### About this task
The material below should be copied line for line, please, with pictures omitted.

### Provided material

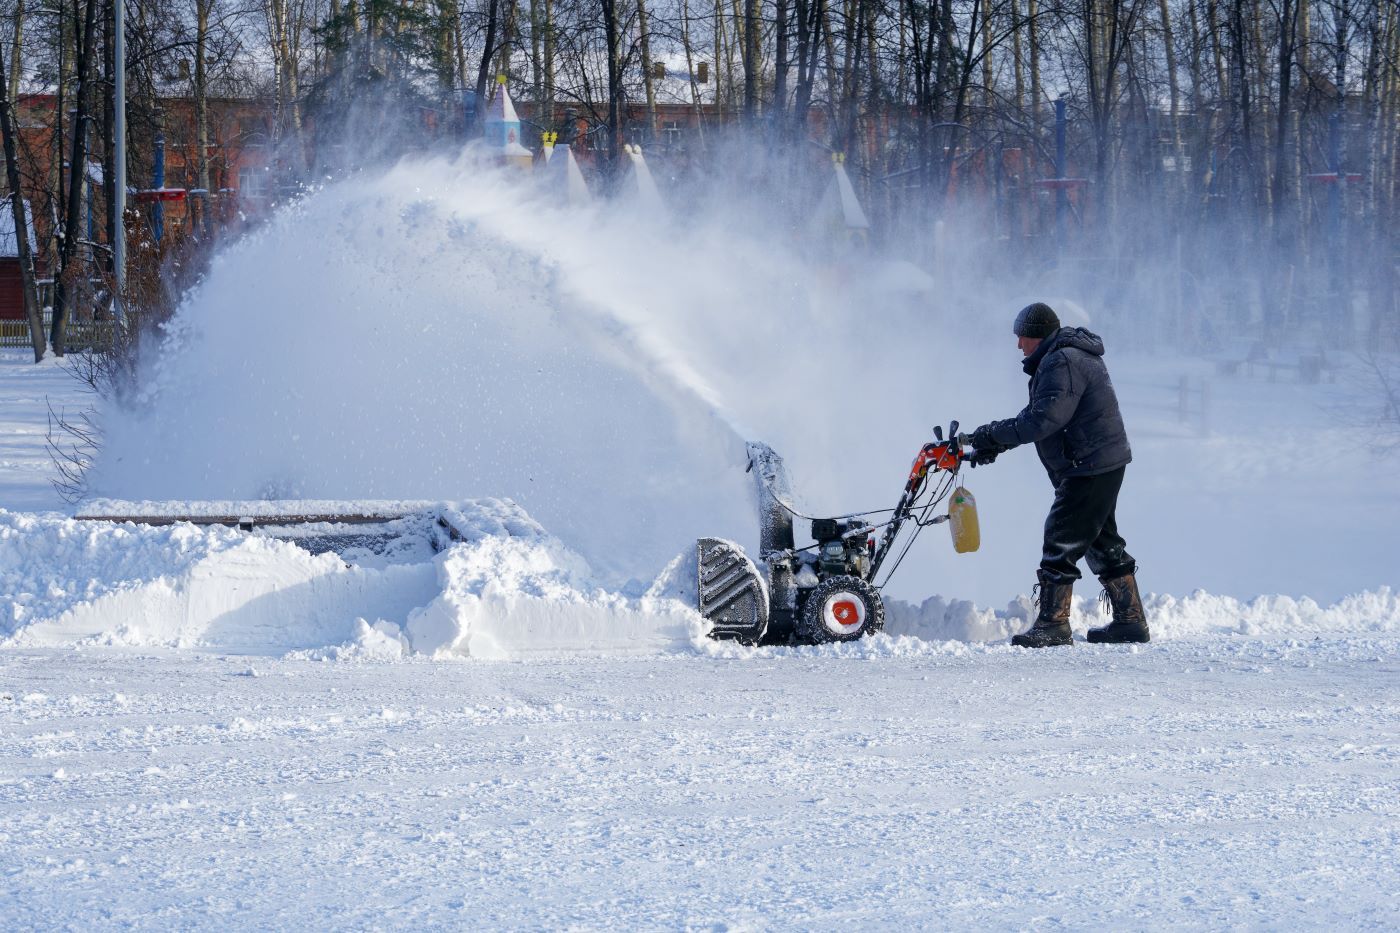 An image of a person using a snow blower to clear snow
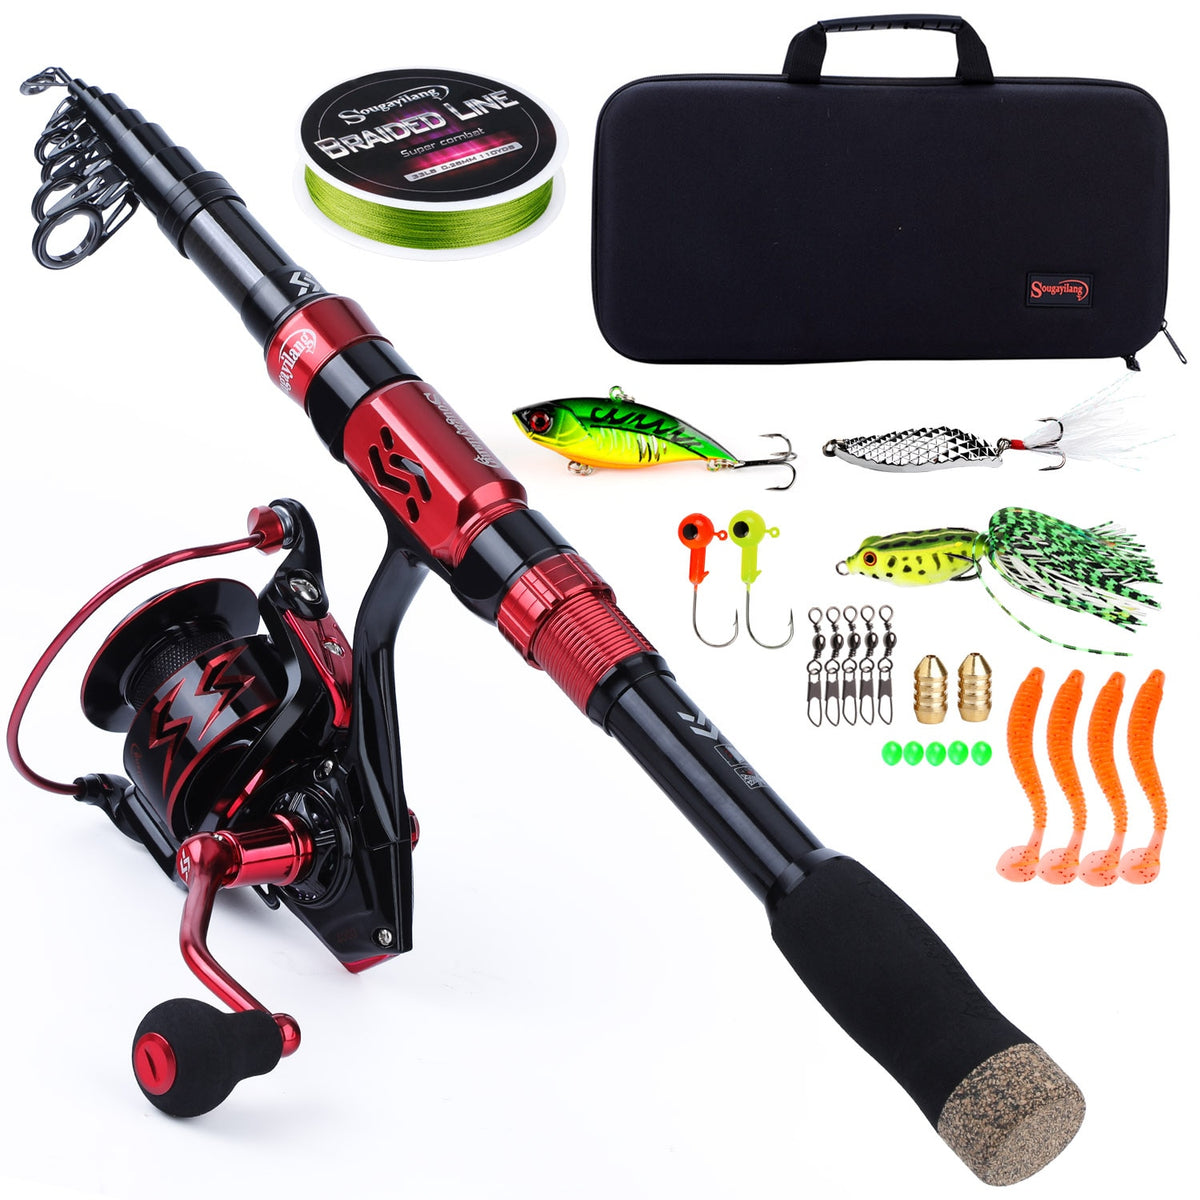 Telescopic fishing rod - The best products with free shipping
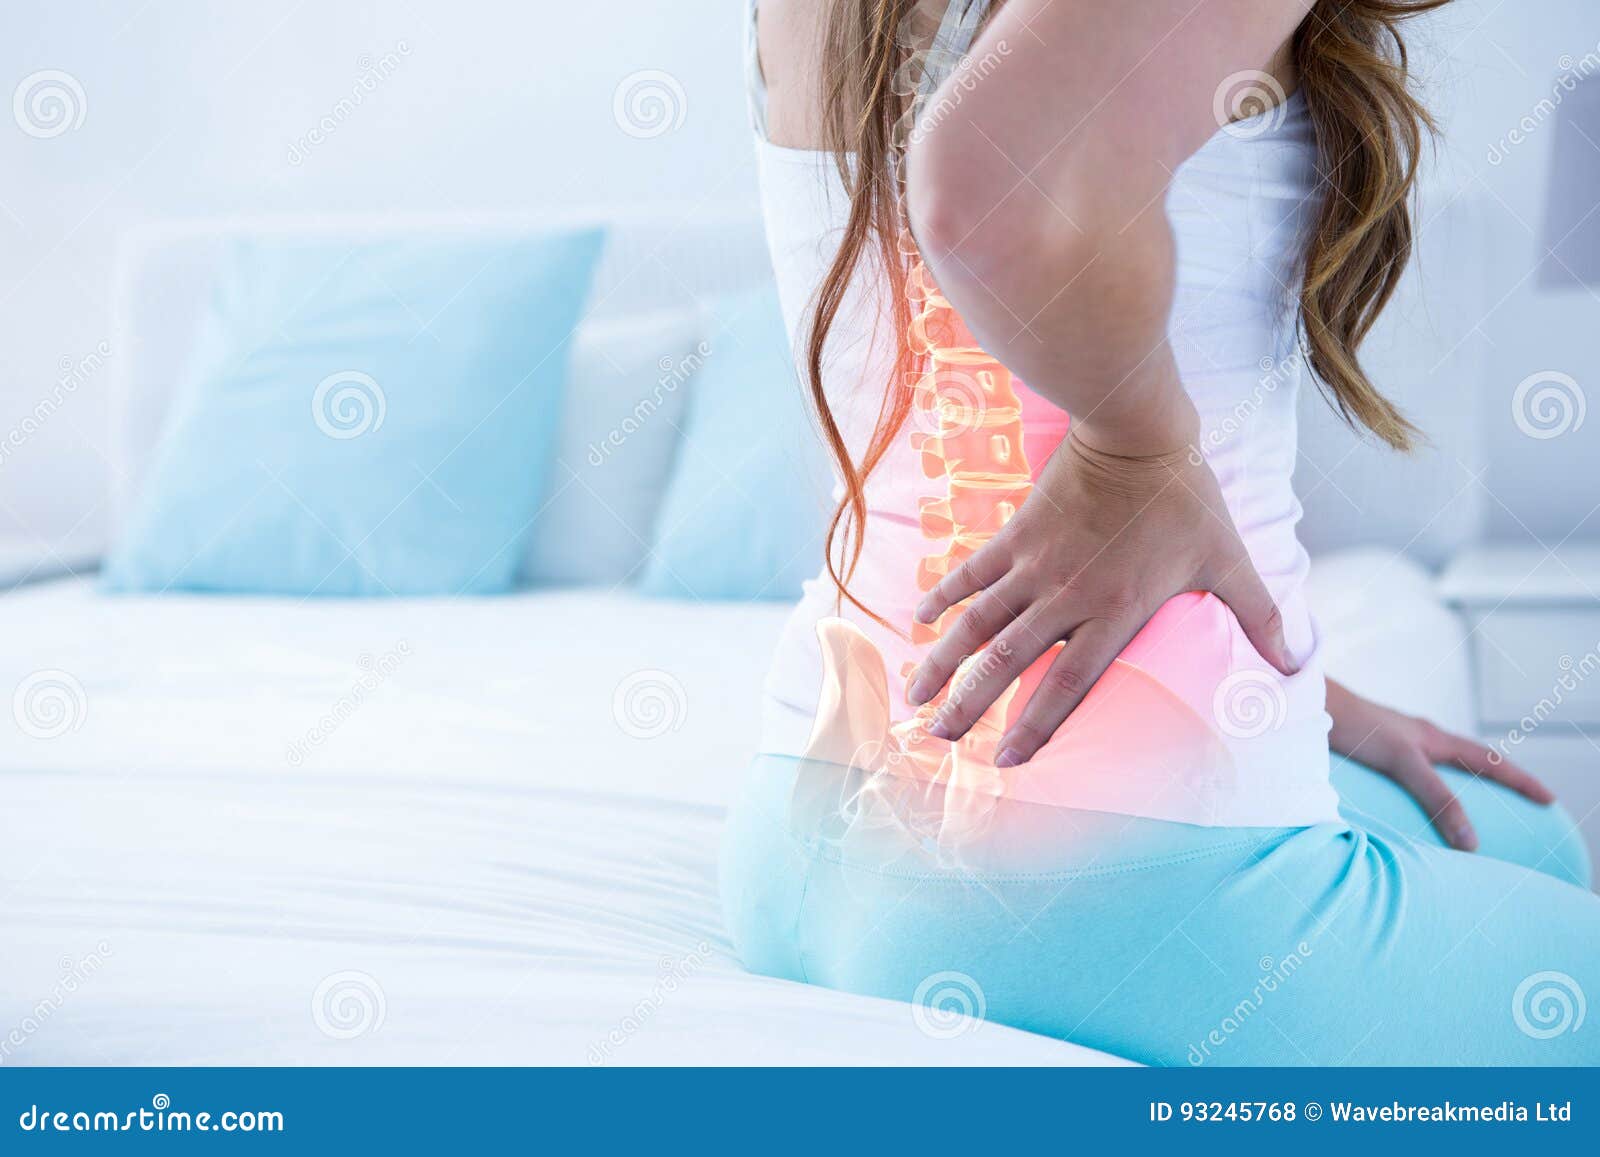 digital composite of highlighted spine of woman with back pain

### Result of the task
 An image of a person using a snow blower to clear snow
 Telescopic fishing rod - The best products with free shipping
 digital composite of highlighted spine of woman with back pain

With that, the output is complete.